Изменить стиль страницы

"Ты должен знать, милый Даниель, что отец в Бретани, где он торгует сидром по поручению одной компании. Узнав, что я получил место секретаря маркиза, он пожелал, чтобы я навязал маркизу несколько боченков сидра. Но, к несчастью, маркиз пьет только вино, только испанское вино. Я написал об этом отцу и, знаешь ли, что он ответил мне по обыкновению: "Жак, ты осел!" Но я не придаю этому значения, дорогой Даниель, я вполне уверен, что он, собственно, очень любит меня…

"Что касается матери, то она теперь совершенно одинока, и тебе следовало бы написать ей. Она жалуется на твое молчание.

"Я забыл сообщить тебе, что живу теперь в Латинском квартале — представь себе, в Латинском квартале!.. Это, вероятно, очень обрадует тебя.
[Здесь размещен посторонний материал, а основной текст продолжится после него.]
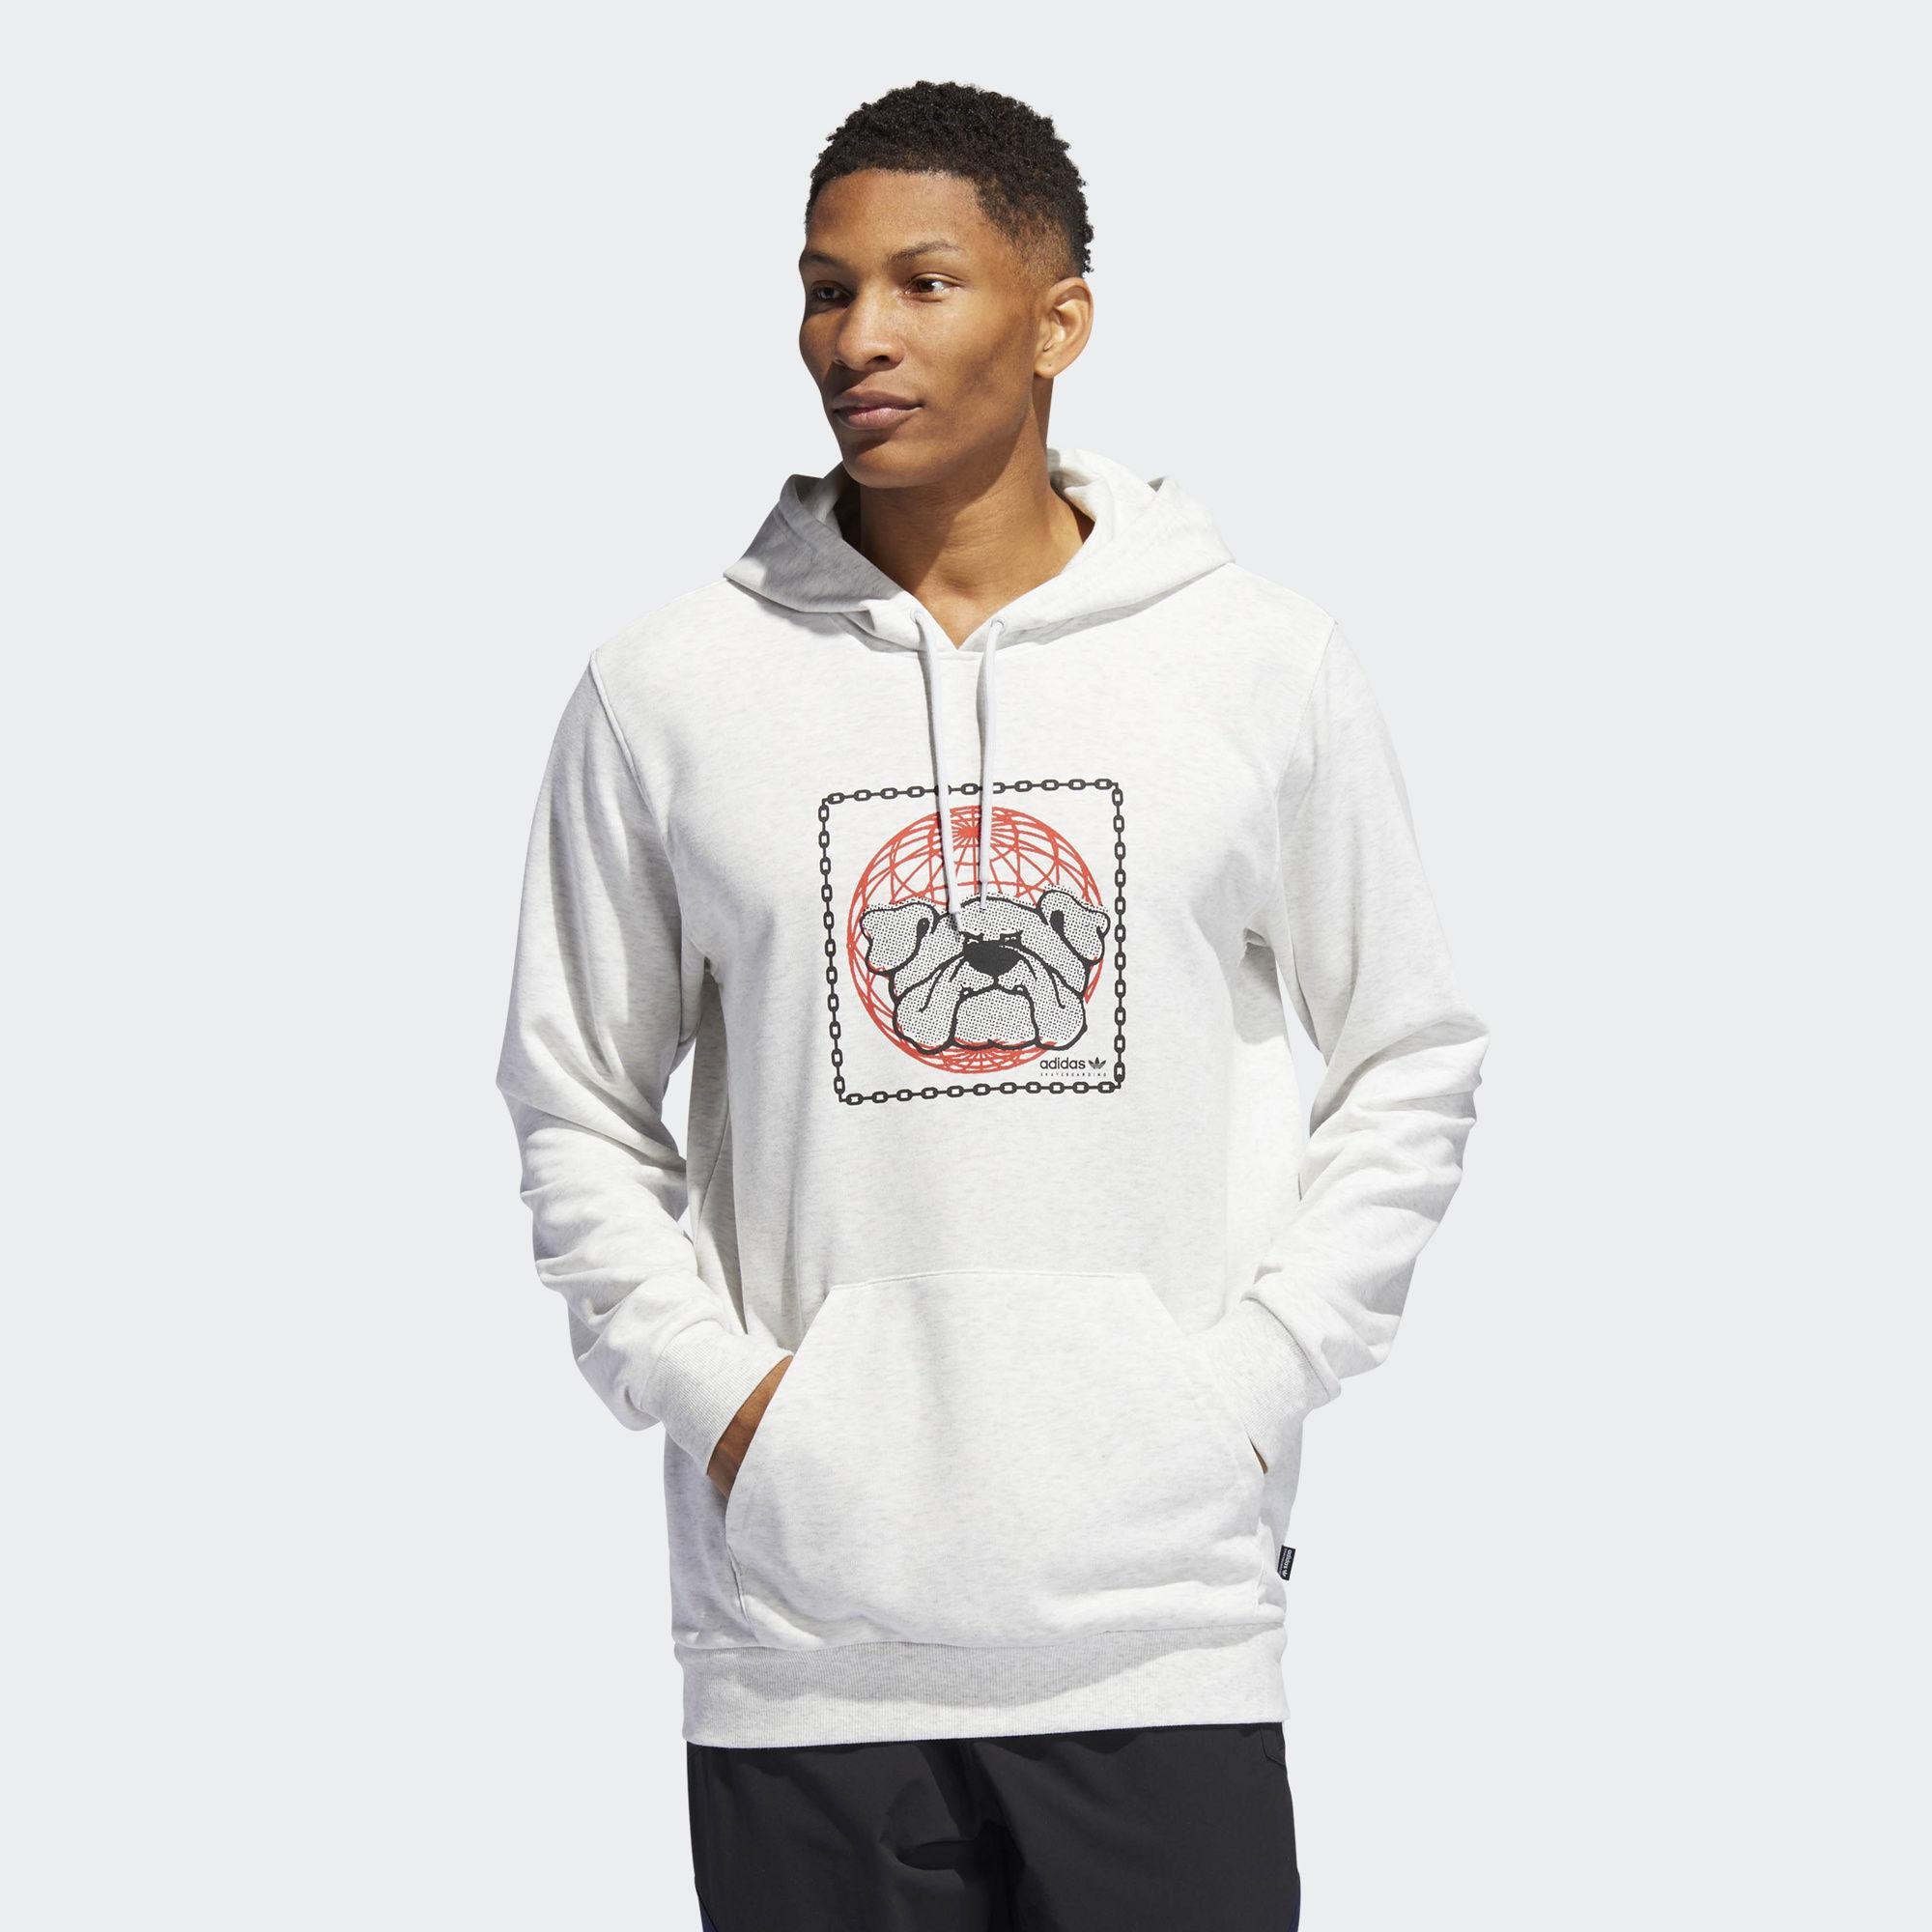 f3edf06a89ab Adidas - Multicolor Dunckley Hoodie for Men - Lyst. View fullscreen

Настоящая комнатка поэта, как ее описывают в романах, с маленьким окном и видом на бесконечное множество крыш. Кровать моя неширока, но, в крайнем случае, мы можем поместиться на ней вдвоем, а в углу столик, за которым можно писать стихи.

"Я уверен в том, что, если бы ты мог видеть эту комнатку, тебе захотелось бы перебраться ко мне. Мне тоже хотелось бы повидать тебя, и я думаю, что в один прекрасный день вызову тебя.

"А пока не забывай меня, не работай слишком много в своем колледже и береги себя.

"Целую тебя. Твой Жак".

Милый Жак! Как глубоко взволновало меня его письмо! Я смеялся и плакал в одно и то же время. Вся моя жизнь за эти последние месяцы — пунш, биллиард, кафе Барбет, — все это казалось мне гадким сном. «Довольно! — сказал я себе. — Теперь я серьезно примусь за работу; я хочу быть таким же трудолюбивым, как Жак».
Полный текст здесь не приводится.